En outre, Poutine souhaite que l’économie russe vise les marchés asiatiques. Lors du sommet de l’Organisation de coopération de Shanghai qui s’est tenu dans la ville ouzbèke de Samarkand, Poutine était fier de poser photographier avec la crème des chefs d’État asiatiques. Lors de sa rencontre avec le président chinois Xi Jinping, Poutine a souligné l’amitié entre les deux pays, faisant l’éloge du « partenariat stratégique ». Mais ici aussi, les problèmes pratiques sont vite apparus. Il est peu probable, par exemple, que l’Asie soit en mesure de prendre le relais de la baisse des exportations de pétrole vers l’Europe. La Russie fournit la plupart de son gaz et de son pétrole à l’Europe par pipeline. Il faudra de nombreuses années avant que la Russie soit en mesure d’expédier les mêmes volumes vers l’Asie. En outre, les pays asiatiques comme la Chine et l’Inde comprennent très bien que la Russie est vulnérable, et le prix est négocié âprement. En outre, les entreprises chinoises sont également extrêmement réticentes à prêter main forte à la Russie par crainte des sanctions. Les importations chinoises ont également chuté de moitié depuis avril, les entreprises craignant de tomber sous le coup des sanctions. Morena Skalamera souligne que la guerre est une improbable bévue stratégique du point de vue russe. « Pour les pays de l’Union européenne, la Russie était un fournisseur fiable qui a toujours respecté ses contrats. Cette entente ne reviendra pas dans les décennies à venir. Il faudra beaucoup de temps pour rétablir la confiance. Je ne pense pas que  je serai encore là pour voir ça ».

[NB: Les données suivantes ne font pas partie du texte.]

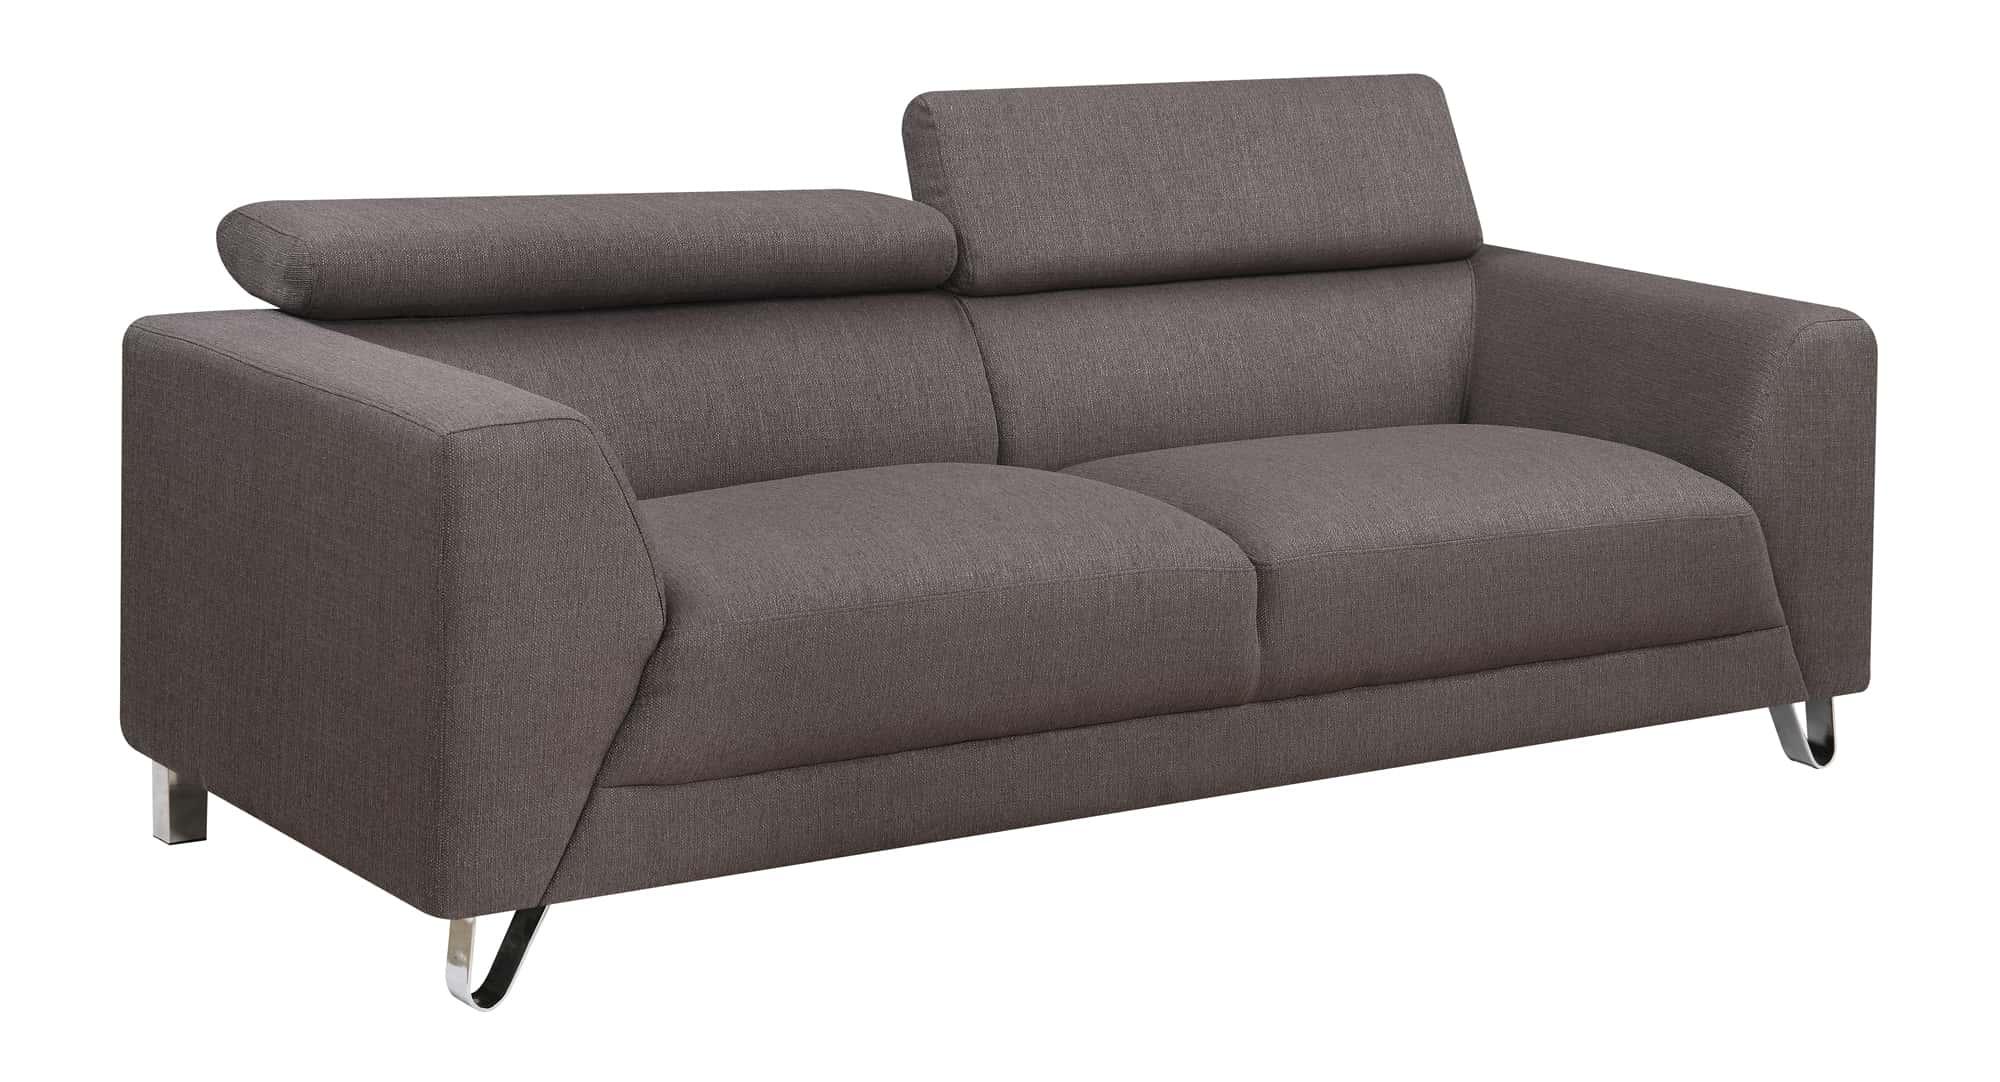 u8210 beluga fabric sofa by global furniture. Black Bedroom Furniture Sets. Home Design Ideas

Pour les Russes incertains de l’avenir, Poutine a également eu des paroles apaisantes à Vladivostok. La croissance moderne, selon le président, ne s’exprime plus en termes économiques, mais en termes de souveraineté. Pour les Russes, il s’agit d’une perspective séduisante : un pays de Ladas bricolées et d’iPhones cassés, mais totalement souverain.